The state flushes away key clean water research funding, plus more news, this week in CIB:

Executive Watch: Water Resources Down the Drain

The NC Department of Environment and Natural Resources (DENR) is laying off staff because of legislative funding cutbacks and reorganization–but is also turning down almost $600,000 in federal funding for needed monitoring of water quality and wetlands by a division being slashed of staff. The combination speaks loudly of the low priority being placed by the current DENR administration on both protection of clean water and solid scientific research.

One of two grants from the U.S. Environmental Protection Agency (EPA) being turned back is a $359,710 grant to establish a long-term wetlands monitoring network in the Piedmont and coastal plains regions. That’s work that would greatly inform the state’s analysis of requests to dredge and fill wetlands. John Dorney, who two years ago retired as the long-time head of the state’s wetlands regulatory unit within DENR, explained that his former unit relied on the grant funding to make its scientific analysis possible. That unit is being disbanded by this DENR administration when its current grant funding expires.

The current head of DENR’s water resources division says the money is not needed to carry out the department’s new priorities as defined by DENR Secretary John Skvarla.

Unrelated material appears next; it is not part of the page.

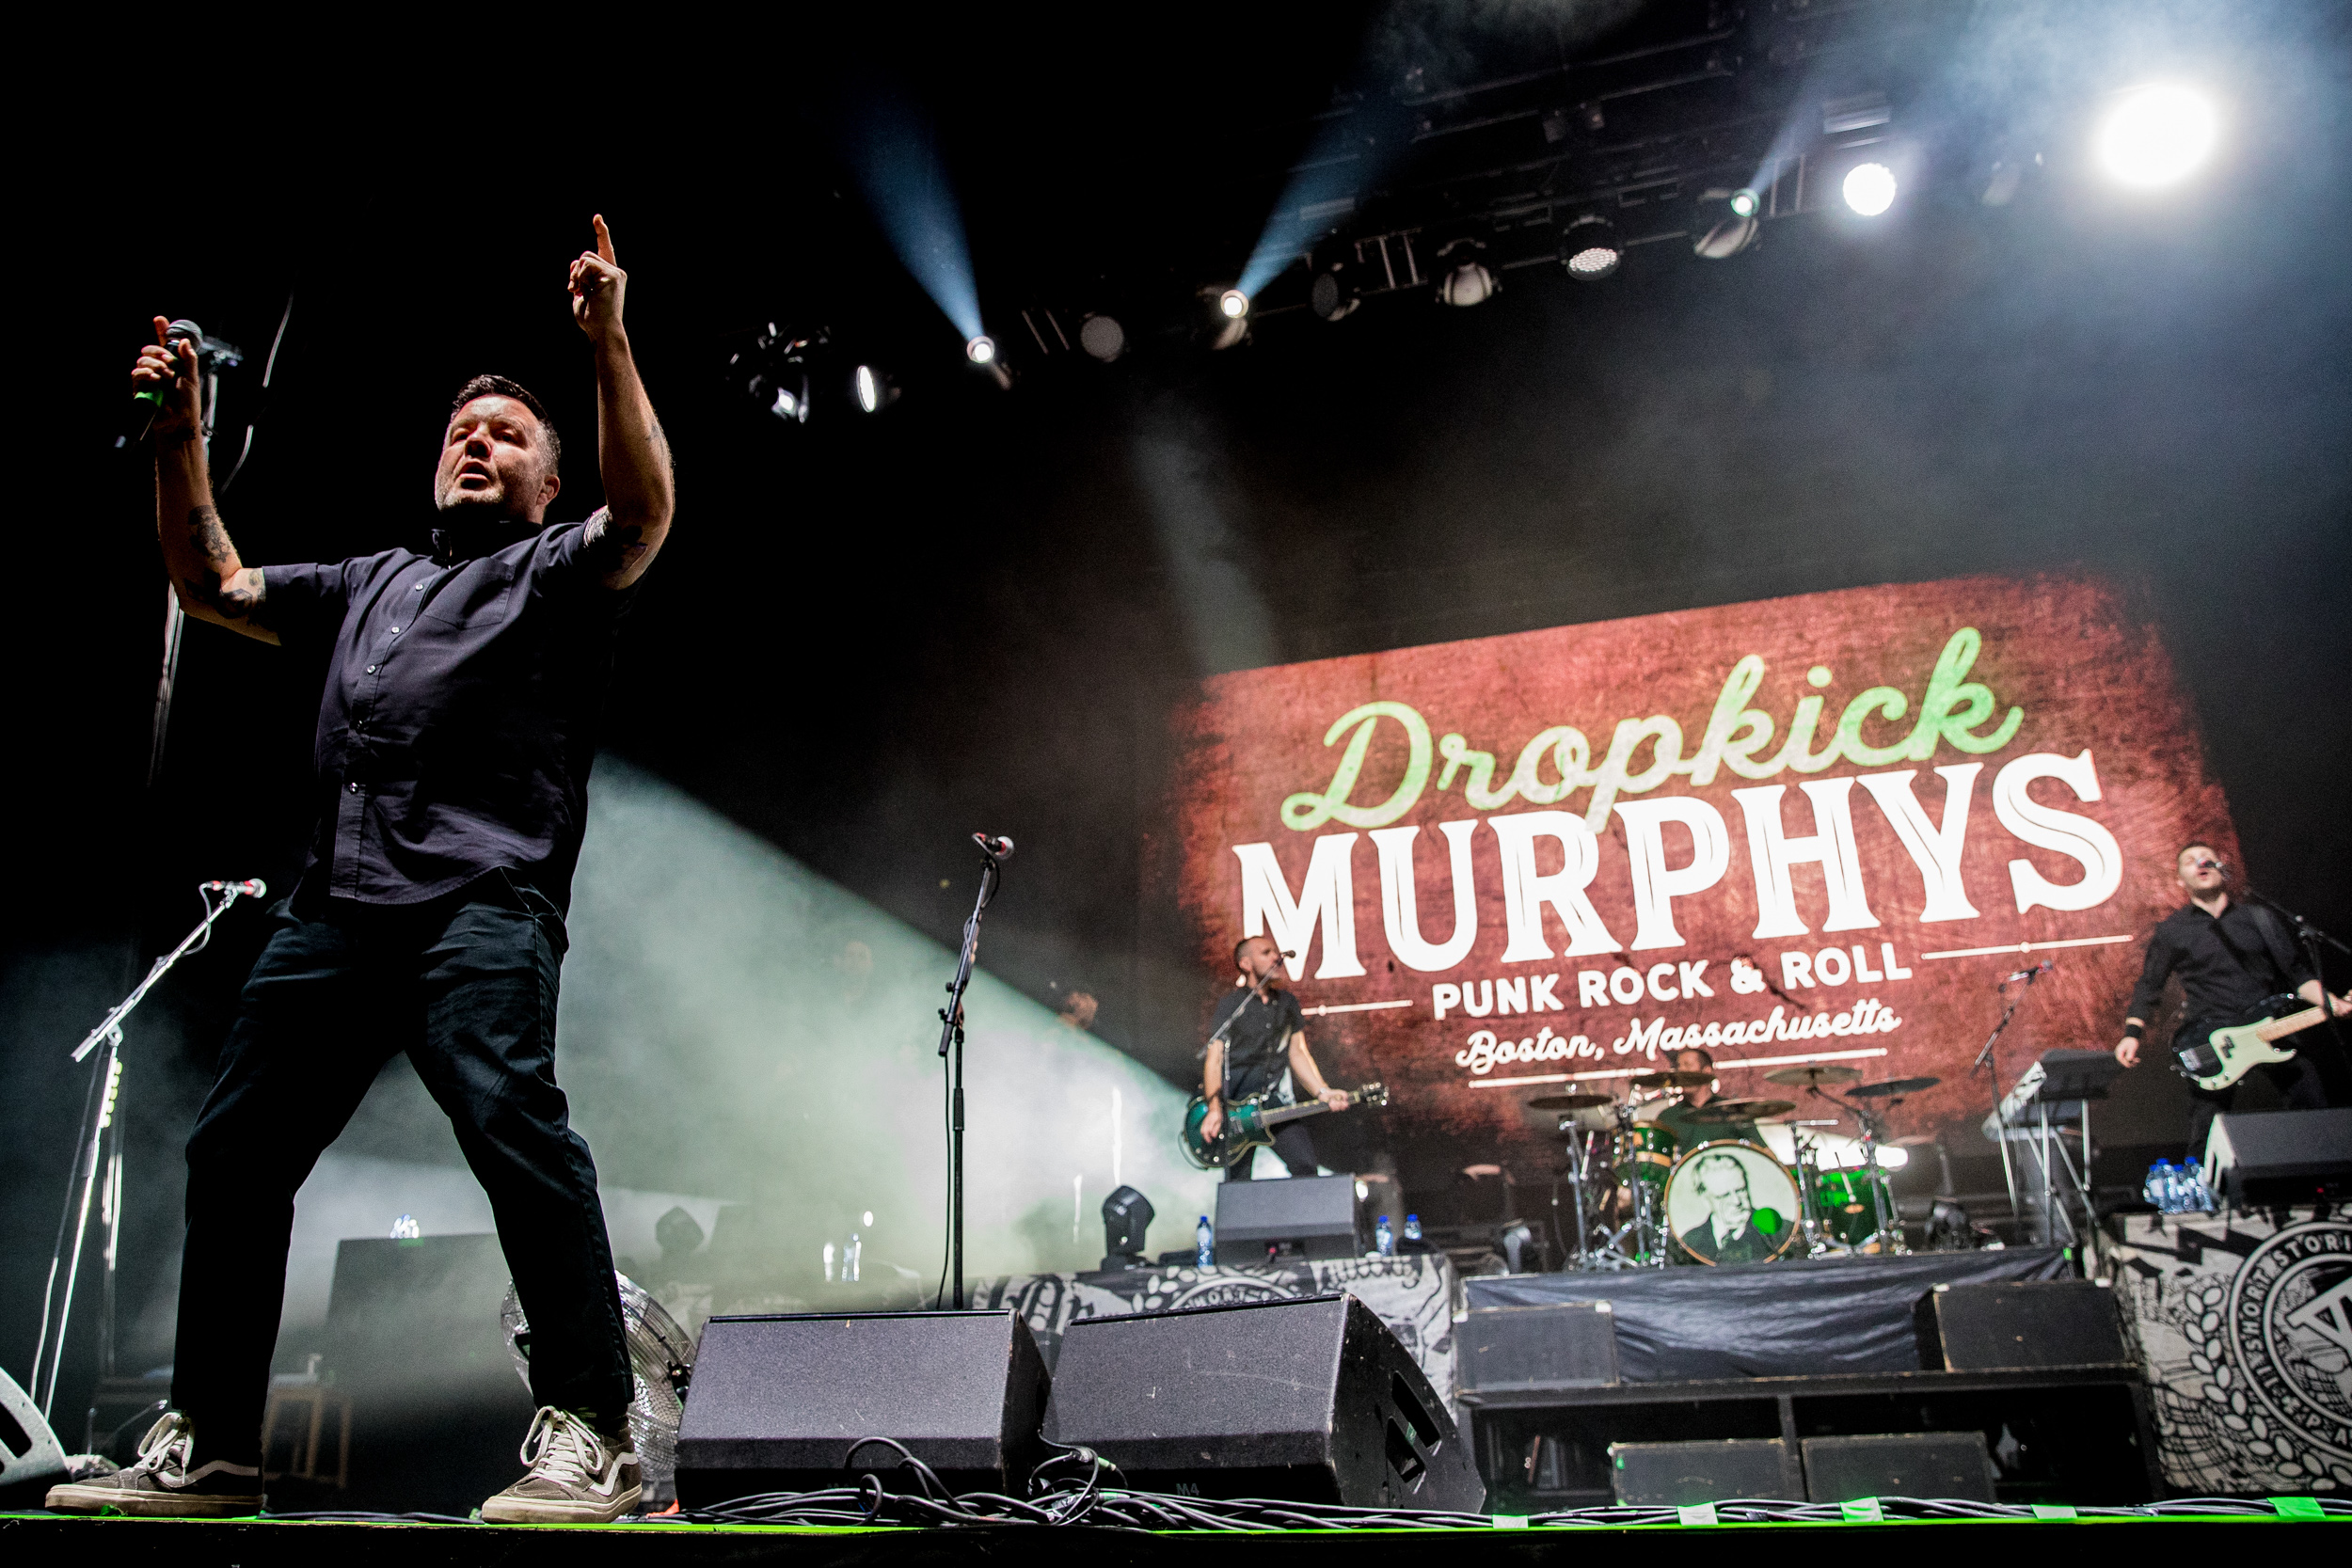 bruce-springsteen-dropkick-murphys-2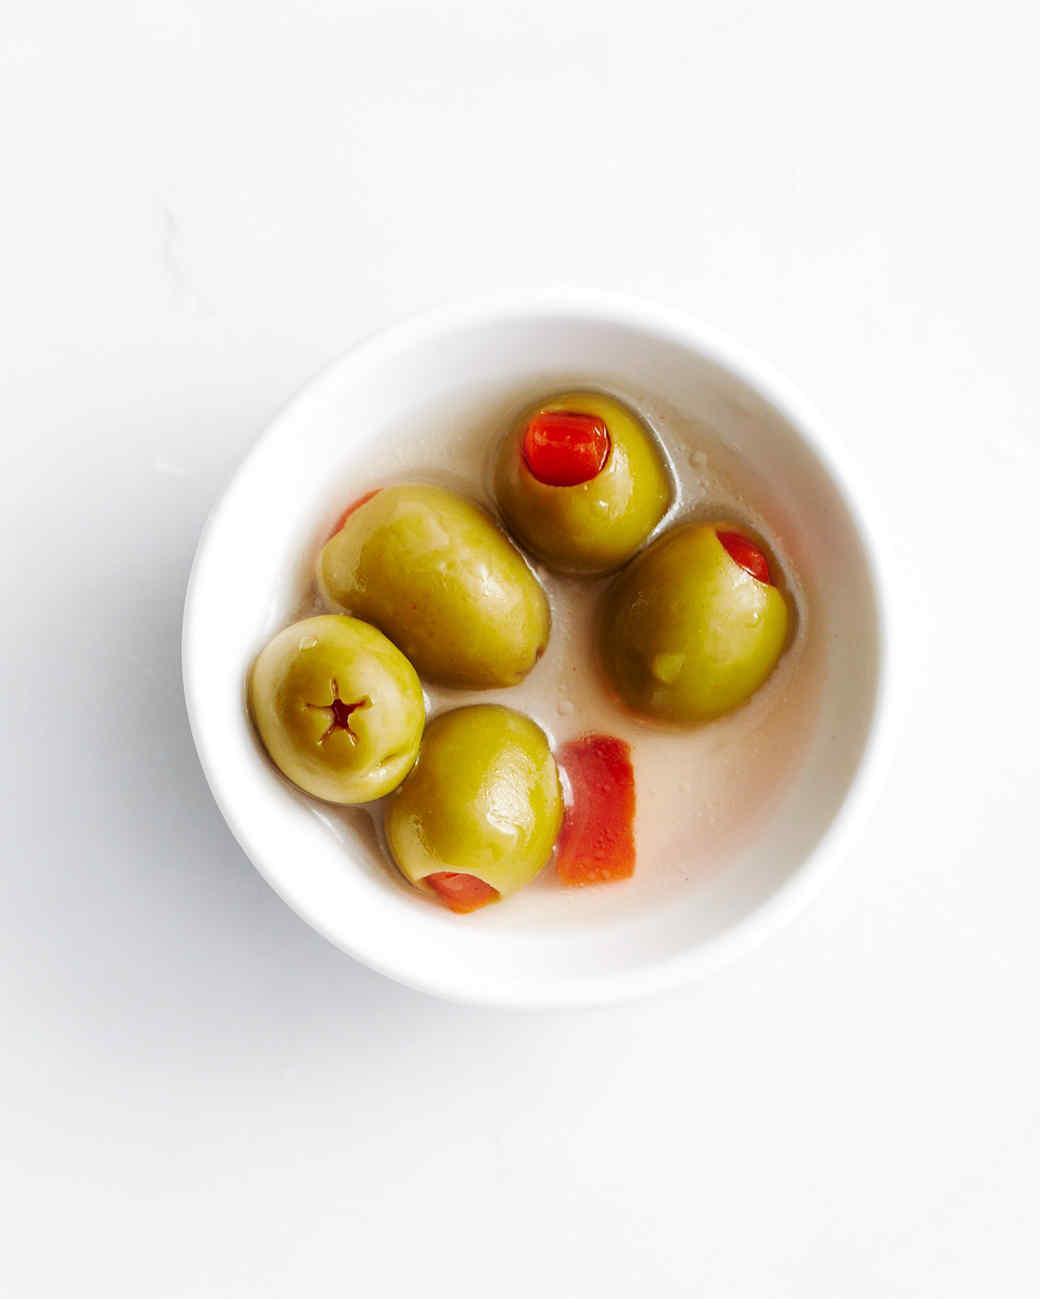 olive-ipad-manzanella-0089-ld110630-0614.jpg

Water Resources Division Director Tom Reeder said, “Quite simply the grants were not needed for the division to meet our core mission…We’re simply slimming down.”

More details and discussion are available in an article for the N.C. Coastal Federation’s Coastal Review here.

The other grant being declined is for $222,595 for monitoring water quality in areas that could be impacted by potential fracking operations. It would establish water quality “baselines” against which to compare potential future contamination. Gathering such data is viewed by environmental resource professionals as an essential part of effectively regulating the potential impacts of fracking.

This baseline monitoring was a key recommendation in the state’s own 2012 report on oil and gas exploration issues. Refusing to accept funding to carry out that monitoring is nearly inexplicable–the agency equivalent of sticking fingers in one’s ears and shouting LA LA LA LA.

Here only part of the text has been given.